Серегин глядел на Балакина и в эту минуту понимал, почему именно умел он держать в узде самых отпетых уголовников по всем колониям, в которых ему доводилось отбывать срок. Но миновала минута, сник Балакин, опустились широкие плечи. И голос, когда он вновь заговорил, стал хрипловатым.
– Ну слушай дальше… Мне бы надо все втихую обстряпать. Кому деньги, зачем деньги – Чистому знать необязательно. Но это я сейчас смикитил, а тогда в открытую с ним шел, свой же человек, он даже знал, что Игорь в конце июля в гости к Ольге собирается… Короче, завернул тринадцать тыщ в газету, велел Чистому к соседу умотать и зову Игоря из кухни, он там что-то жарил. Объясняю – вот пакет, отвези Ольге. Спрашивает: сколько тут? А потом за сердце схватился и говорит: она не возьмет. Говорит: думаешь, я не понимаю, откуда эти деньги? И кто такие вы с Митей? Я ему: черт с тобой, понимай, как хочешь, а ей наври, скажи, честные деньги. Он говорит: это на полного идиота рассчитывать. Не возьмет. И тут, как тогда ночью, когда он про Любу сказал, хотел я ему по роже дать. Прав ты, Серьга, можно быть голубем, но что-то ж в жизни надо разуметь. Кто это от тринадцати тыщ откажется, когда дают?

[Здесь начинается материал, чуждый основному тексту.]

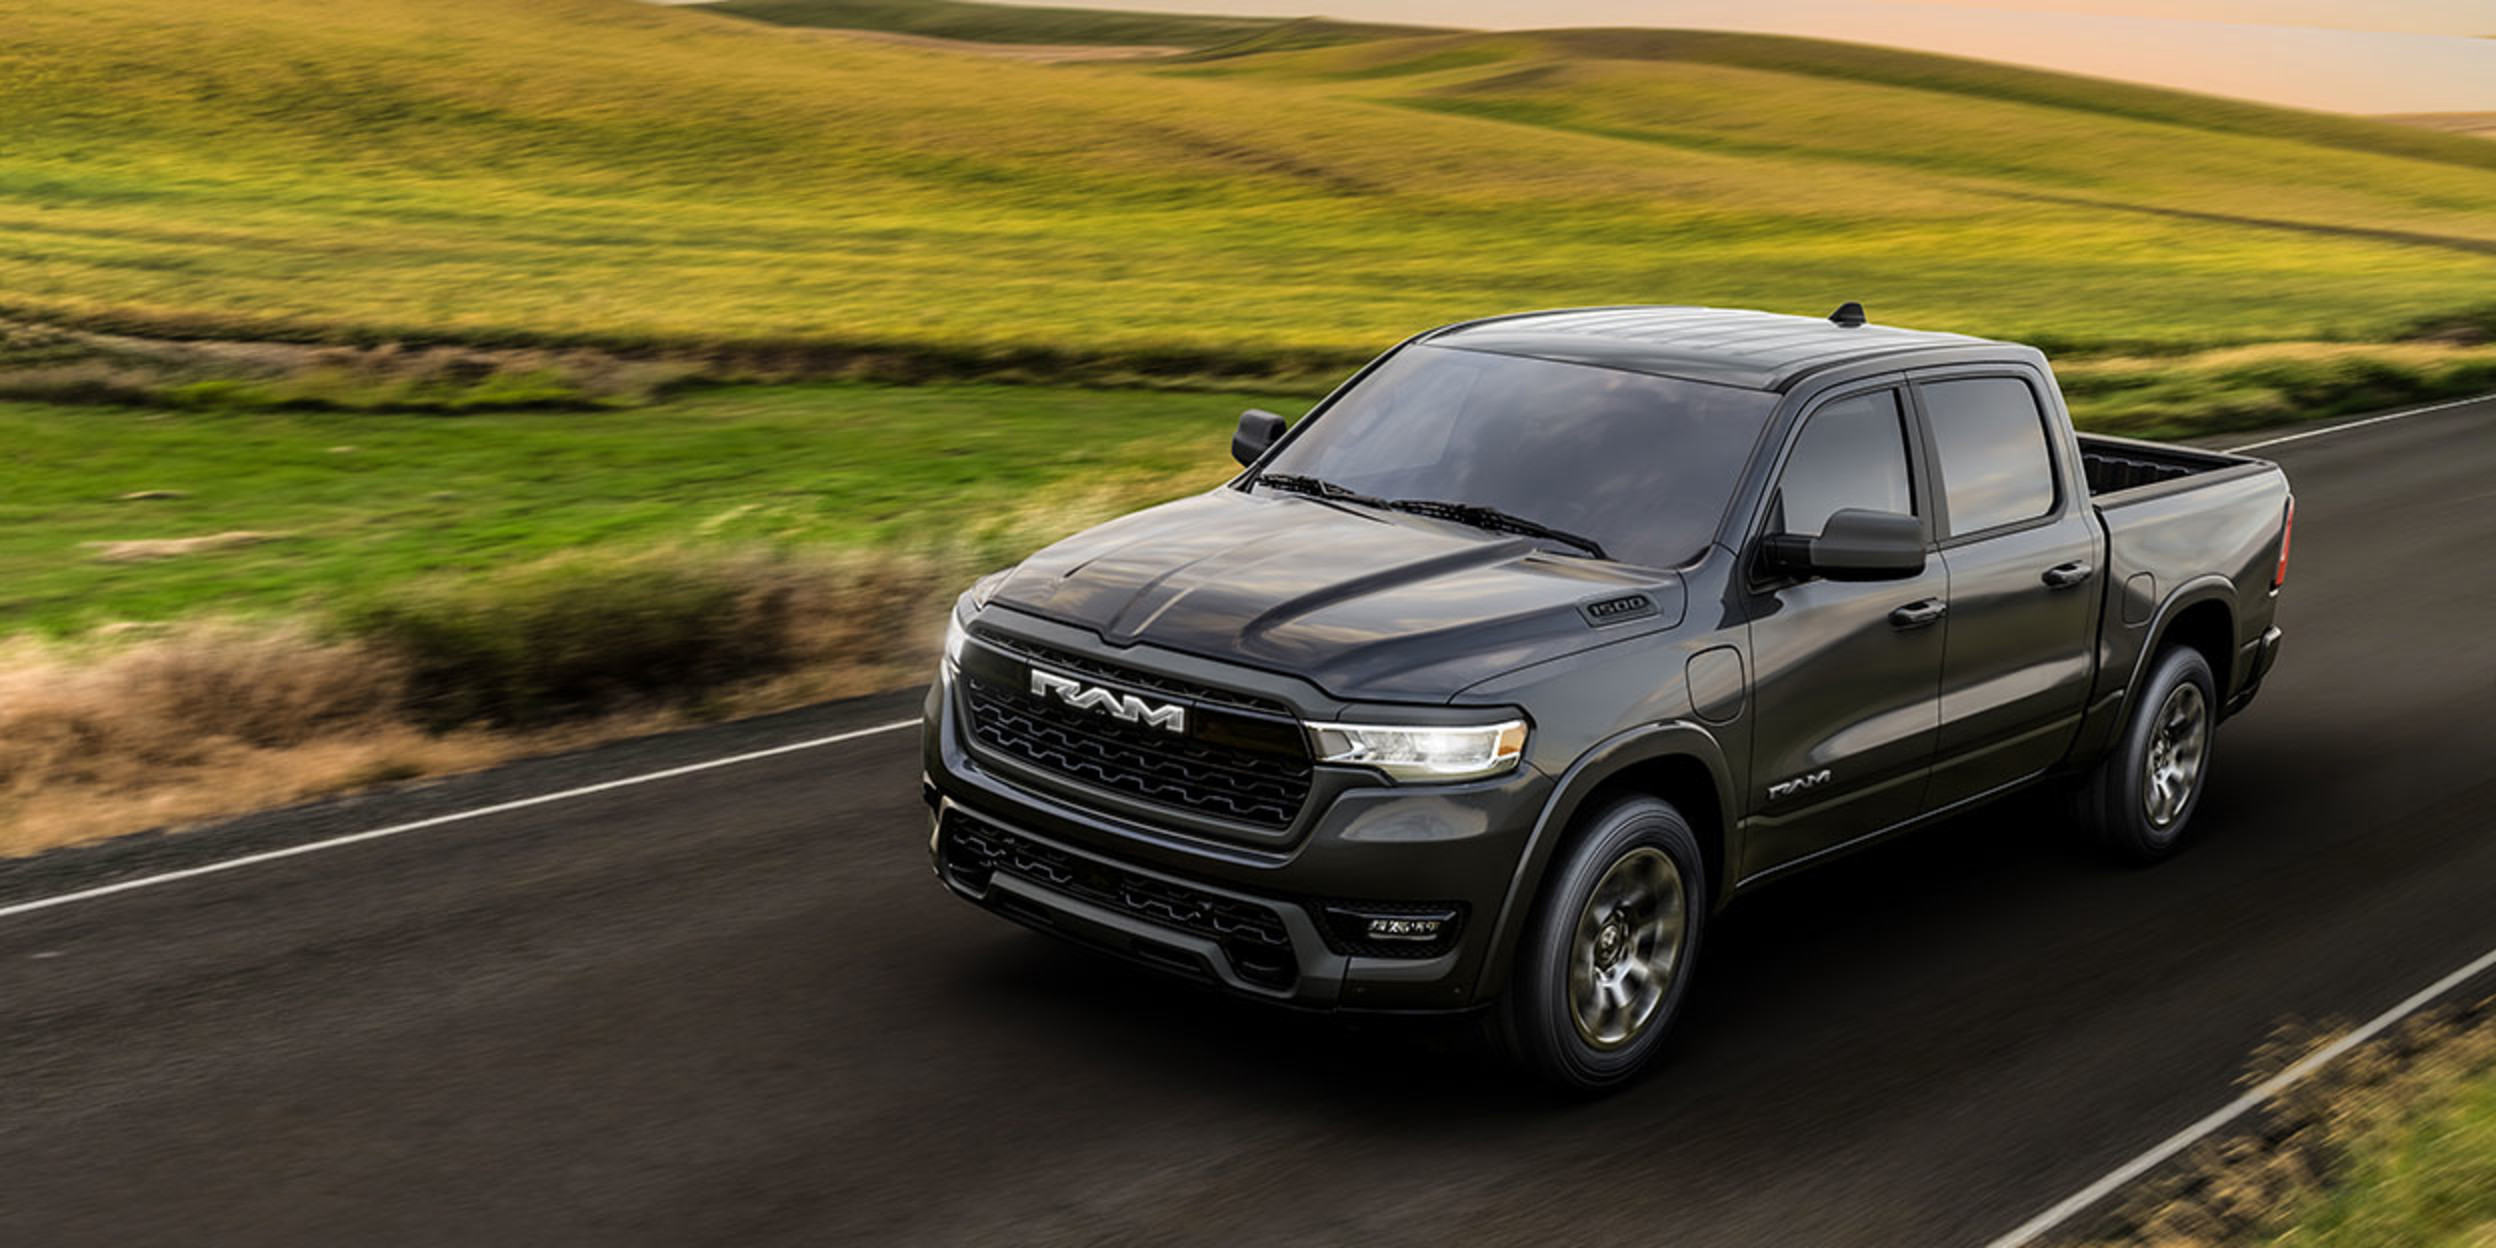 FUTURE PRODUCT: Electrifying Ram lineup comes into focus

Серегин взглянул на Балакина и неожиданно для себя почувствовал неприязнь к нему. Но сразу к неприязни примешалось что-то вроде соболезнования или, пожалуй, сострадания, а когда он задал вопрос, то в нем, кажется, звучала и насмешка.
– Ты полагаешь, нет таких людей, чтобы от краденых денег отказались, если все втихую?
– От тринадцати целковых и дурак откажется, а вот от тринадцати тыщ навряд ли. А ты таких видал?
– Случая не было, но, думаю, есть.
Серегин понял, что их разделяет кое-что покрепче решетки.
Горько стало ему. Сейчас, глядя на Брыся, он впервые, может быть, с такой острой отчетливостью ощутил, какой большой кусок жизни прожит. Он не гляделся в судьбу Брыся как в зеркало – слишком разные сложились у них судьбы. Но ему вспомнился далекий тридцать седьмой год, вишневого цвета упряжная дуга с облупившимся лаком, из которой они с Эсбэ мастерили клюшки, вспомнилось, как Брысь учил их в сарае курить, как торговали свечками в деревне, как лихо крутил сальто Брысь и как беззаветно они с Эсбэ его любили. И воспоминания эти словно раздули покрытый толстым пеплом уголь, тлевший в груди у него, – уголь из костра давно погасшего, но когда-то гревшего одинаково их всех. Обезоруживающее теплое чувство ребячьей общности нахлынуло на Серегина, и нелепым показалось ему, что вот он, бывший Серьга, преклонявшийся перед Брысем, стал полковником, а Брысь, который на два года его старше, так и остался Брысем и через несколько недель или месяцев будет в седьмой раз приговорен судом – может быть, к смертной казни. И нелепо было тоже, что Игорь Шальнев, бывший Эсбэ, лежит сейчас бесчувственный и, в сущности, пока неживой, и его жизнь, если разобраться, составилась ненамного лучше, чем у Брыся. Все имеет начала и концы, и разумом соединить их не так уж трудно. Но какой ниткой свяжешь голубую отроческую мечту Брыся о морской службе с ограбленной им совхозной кассой? Как свяжешь неистребимую отвагу и неунываемость двенадцатилетнего Эсбэ с его жалкой беспомощностью и безволием перед какой-то наглой, ничтожной бабой, вообразившей себя олицетворением морали.